The vaccine would be administered as two 100-microgram doses, the same as for adults, in adolescents ages 12 through 17 and given as two 50-microgram doses in children ages 6 through 11. For youngsters ages 6 months to 5 years, the dosage is 25 micrograms.
Then the next day, VRBPAC will consider amending emergency use authorizations for both the Moderna and Pfizer-BioNTech vaccines, allowing them be used in children ages 6 months to 5 years, an eagerly anticipated move that opens up vaccination to the youngest Americans. (The Pfizer vaccine is already approved for emergency use for kids 5 years and older.)
In a staff analysis of the data published on Jun 10 ahead of the meeting, FDA staff said the Moderna vaccine prompted a similar immune response in children ages 6 months through 17 years as it did in adult trials. They said the side effect profiles were similar for children and adults, though fever was more often reported in younger children.
Both mRNA vaccines have been associated with rare instances of heart inflammation. In its analysis, FDA staff said the risk is known, but Moderna’s trials weren’t large enough to characterize the frequency in pediatric age groups.
Meanwhile, in a similar evaluation of data from Pfizer-BioNTech vaccine trials in kids younger than 5, FDA staff said the vaccine appears to be effective in preventing illness. The primary series for young children is 3 micrograms, one-tenth of the adult dose, given in three doses.
If VRBPAC approves the two vaccines for emergency use in the pediatric groups and the FDA accepts the decision of its advisory group, the next step is for the Centers for Disease Control and Prevention (CDC) advisory group to consider the data and make formal recommendations. The Advisory Committee on Immunization Practices (ACIP) is scheduled to meet on Jun 17 and Jun 18.
Pending clearances by both FDA and CDC, White House officials have said vaccination of young children would likely begin as soon as Jun 21. Federal officials have said 10 million doses earmarked for young kids, made up of vaccines from both companies, will begin shipping as soon as the vaccines receive FDA clearance.
Masking and travel guidance
In other US developments:
- Cases continue to rise slowly, with the 7-day average for new daily cases up 4% over the past week, according to a Washington Post analysis, which also said hospitalizations were up 2% and deaths rose 38%.
- As COVID-19 cases rise with the biggest burden shifting from east to west, Las Vegas area health officials recommended that people wear masks indoors and stay updated on COVID-19 vaccination. In a Jun 10 statement the Southern Nevada Health District said Clark County has reached a high community level for COVID-19.
- International air travelers no longer have to show a negative COVID-19 test before flying to the United States, the CDC said in a Jun 10 announcement.
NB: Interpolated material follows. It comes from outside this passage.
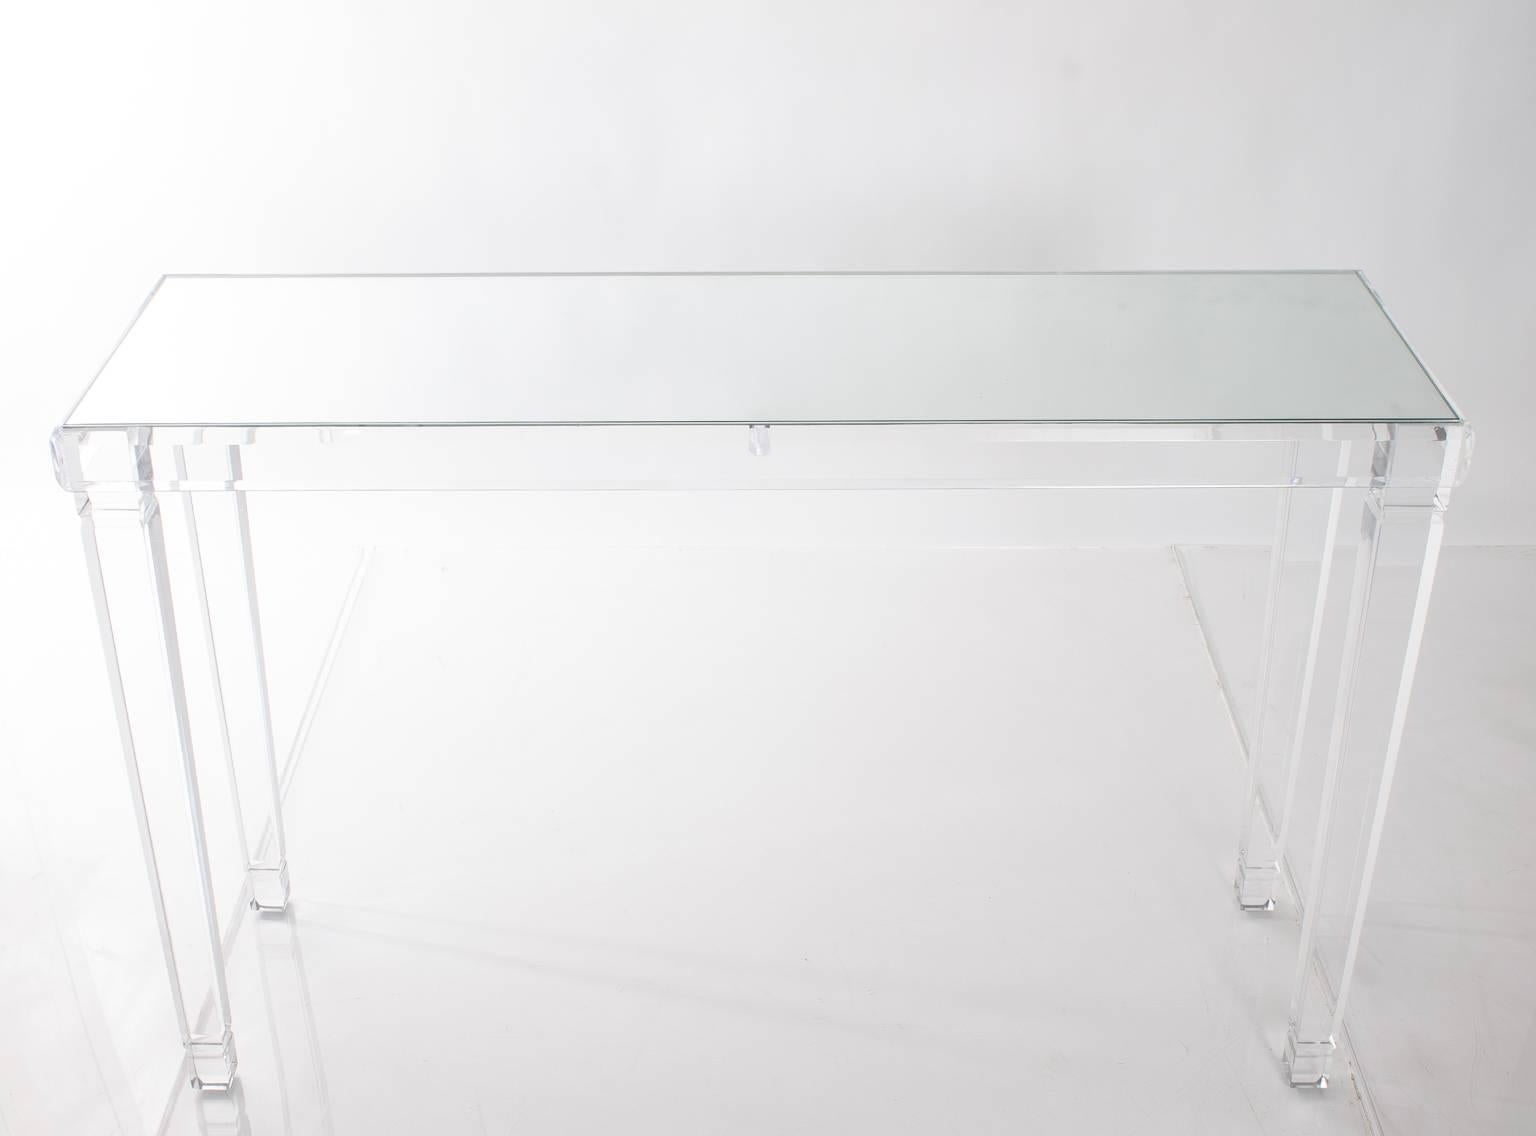 Custom Lucite table with mirrored top and elegant tapered legs. Perfect for an entryway or as a sofa table.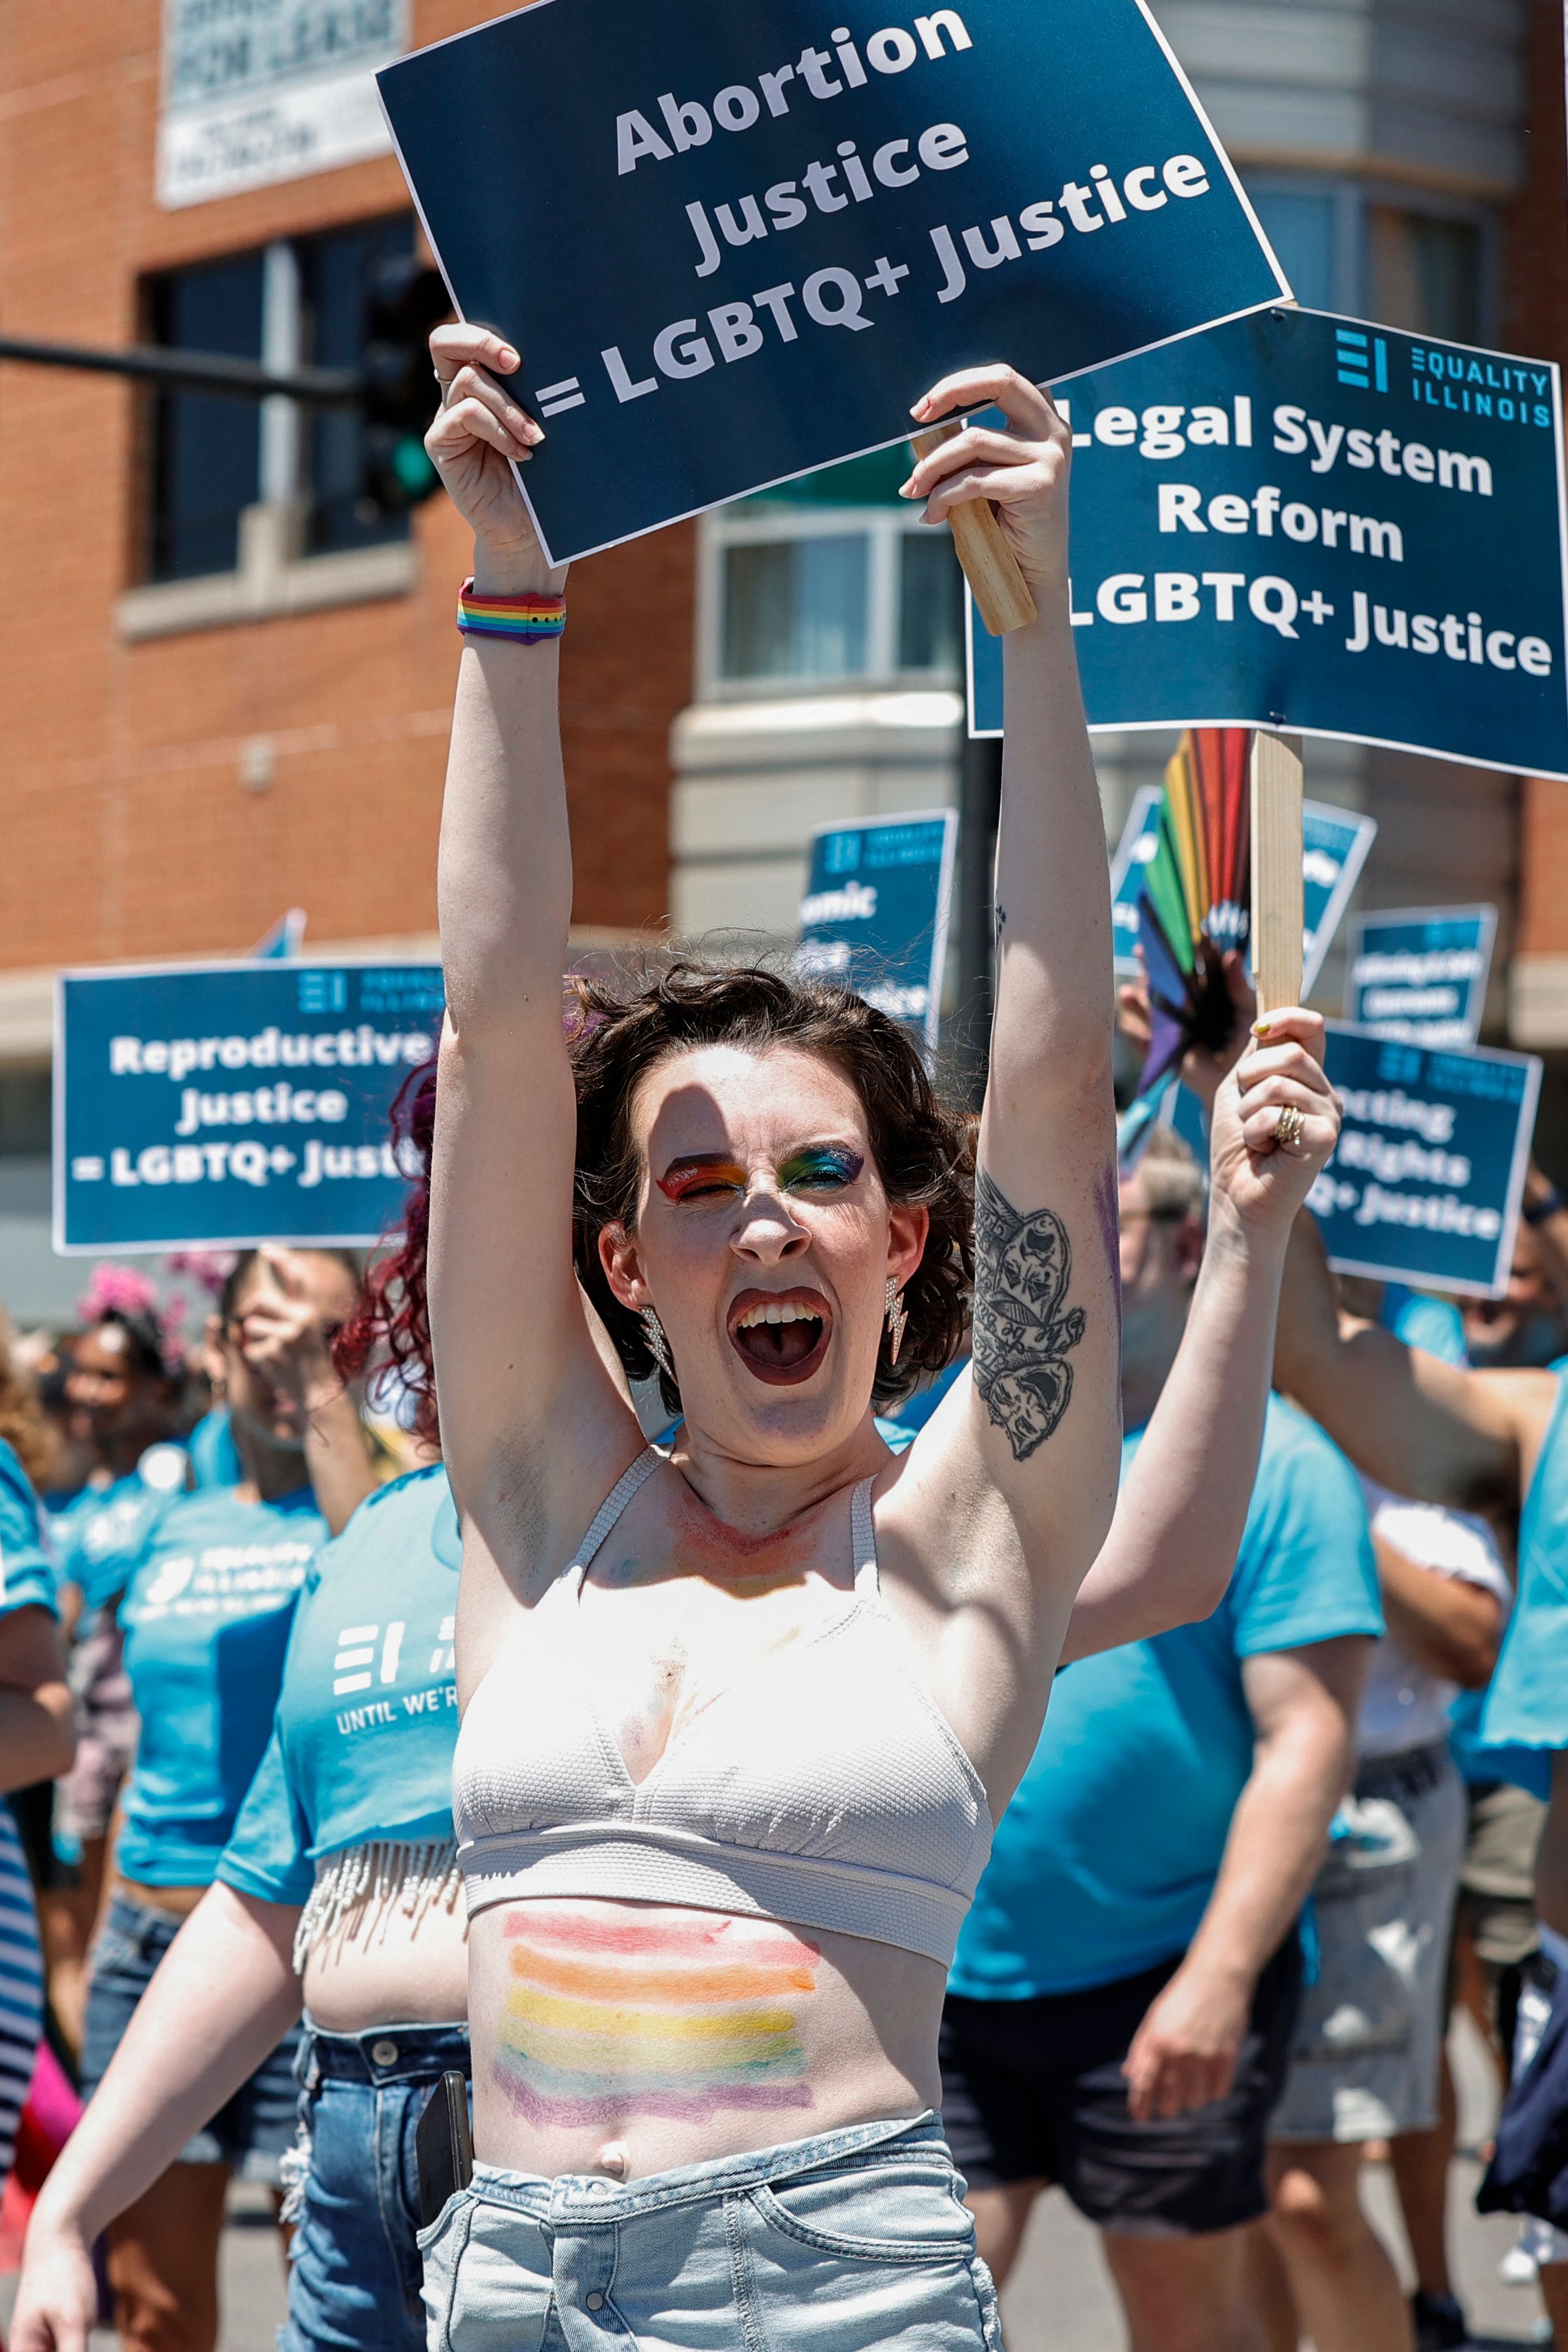 A person holds an abortion rights placard during the 51st LGBTQ Pride Parade in Chicago, Illinois, on June 26.

The new policy went into effect yesterday.
ECDC warns of rising BA.4 and BA.5
In an update today, the European Centre for Disease Prevention and Control (ECDC) said many countries have seen increases in BA.4 and BA.5 subvariants weeks. BA.5 is already dominant in Portugal, where the variant fueled a rise in COVID-19 cases. Though the viruses are thought to have a growth advantage, early findings don’t suggest that illnesses are more severe.
As in previous waves, spikes in cases can results in more hospitalizations, intensive care unit admissions, and deaths.
The ECDC urged countries to stay vigilant for signals of subvariant spread and to monitor case levels, especially in seniors, and markers for severe disease.
In other global developments:
- In China, mass testing is under way in Beijing after officials linked a large cluster to a popular bar, according to Reuters.
- Sanofi today announced that its next-generation booster shot it developed with GSK showed strong immune response against subvariants, including Omicron. The vaccine is modeled on the Beta variant and contains GSK’s adjuvant. In a phase 3 study, the vaccine provided a significant boost in antibody titers in adults who had previously received mRNA vaccines. In a related study of 247 people at a French hospital that compared Sanofi’s second-generation booster with the Pfizer-BioNTech booster and the Sanofi-GSK first- generation booster, the newer Sanofi-GSK booster prompted a stronger immune response, including against Omicron.